Ich dachte jetzt, vielleicht wirds schneller, wenn man nen lokalen Exim oder so installiert der erstmal sammelt. Aber muss nicht auch lokal ne Verbindung aufgebaut werden, was dann genauso lange dauert? Gibts einen Low Level weg die E-Mails an Exim zu geben? Denke ich zu kompliziert? Oder doch lieber Amazon Cloud Simple Mail Service? Ganz was anderes?
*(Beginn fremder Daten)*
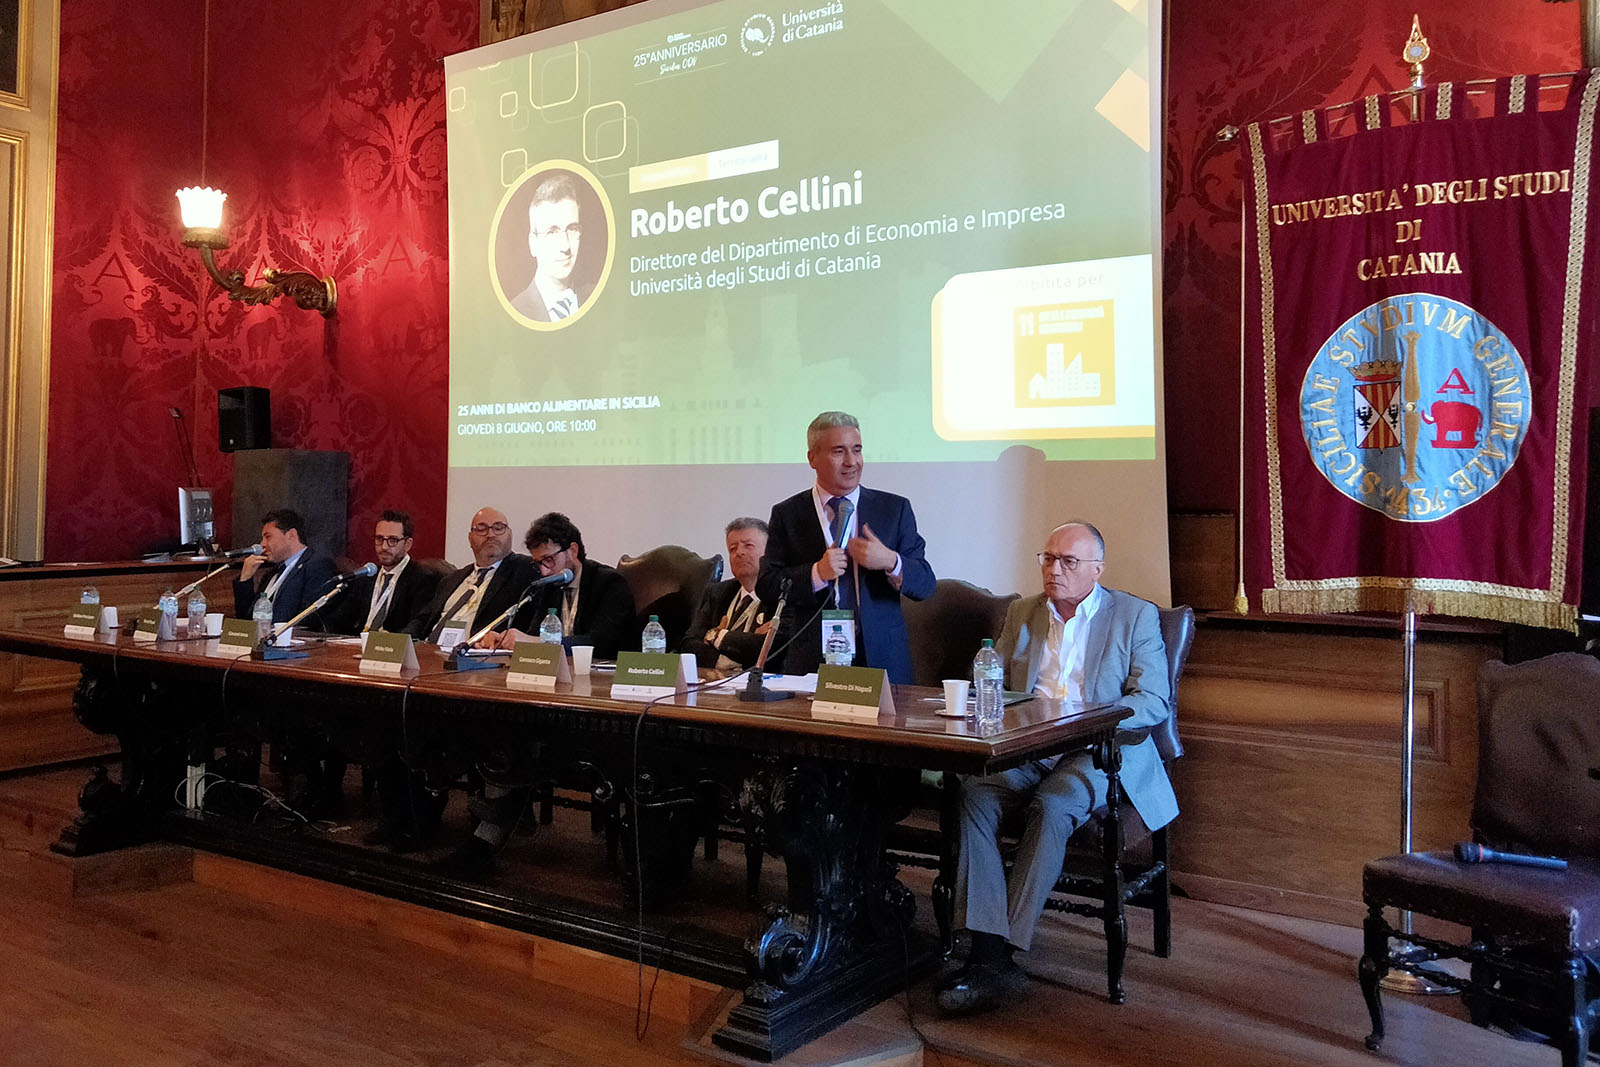 Un momento dell'intervento del prof. Roberto Cellini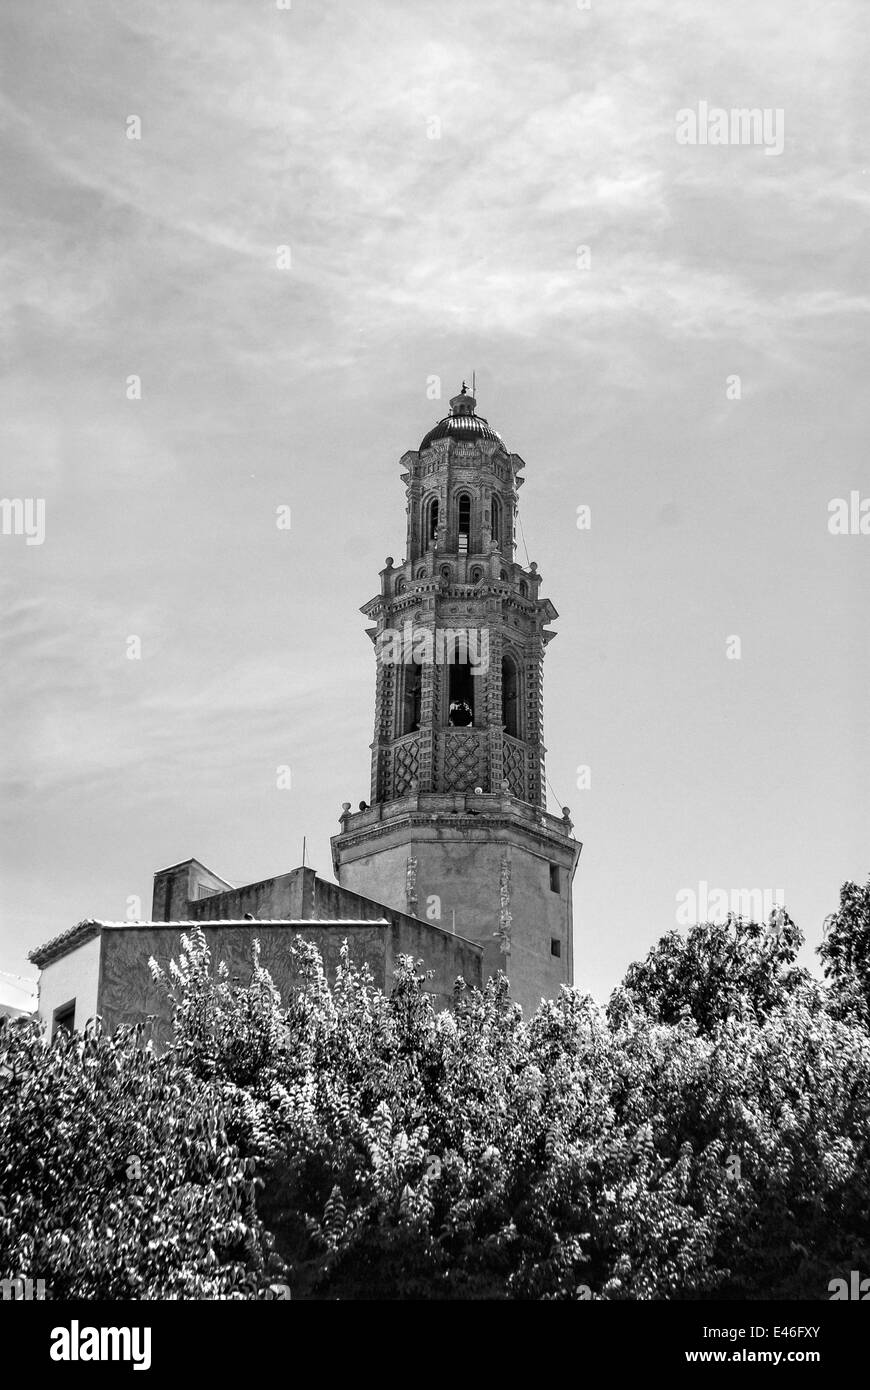 La Alcudia torre campanaria in stile Mudejar campanile si trova nella regione di Jerica di Valencia Spagna Foto Stock

Wie ist denn bei euch der Mailversand in größeren Mengen realisiert?

Viele Grüße,

Bergtroll


----------



## irgendjemand (9. Dez 2011)

interessant wäre vielleicht mal der code mit dem du deine mails versendest ..
wenn du schon selbst sagst das es prob mail 2 sec dauert und das viel außenrum geschiet ... würde ich fast vermuten das du die static methode Transport.send(Message) callst ...
der api ist zu entnehmen das diese methode selbstständig alle verbindungs-daten handelt ... also auch jedesmal ne verbindung aufbaut ... die mail sendet ... und die verbindung wieder abbaut ...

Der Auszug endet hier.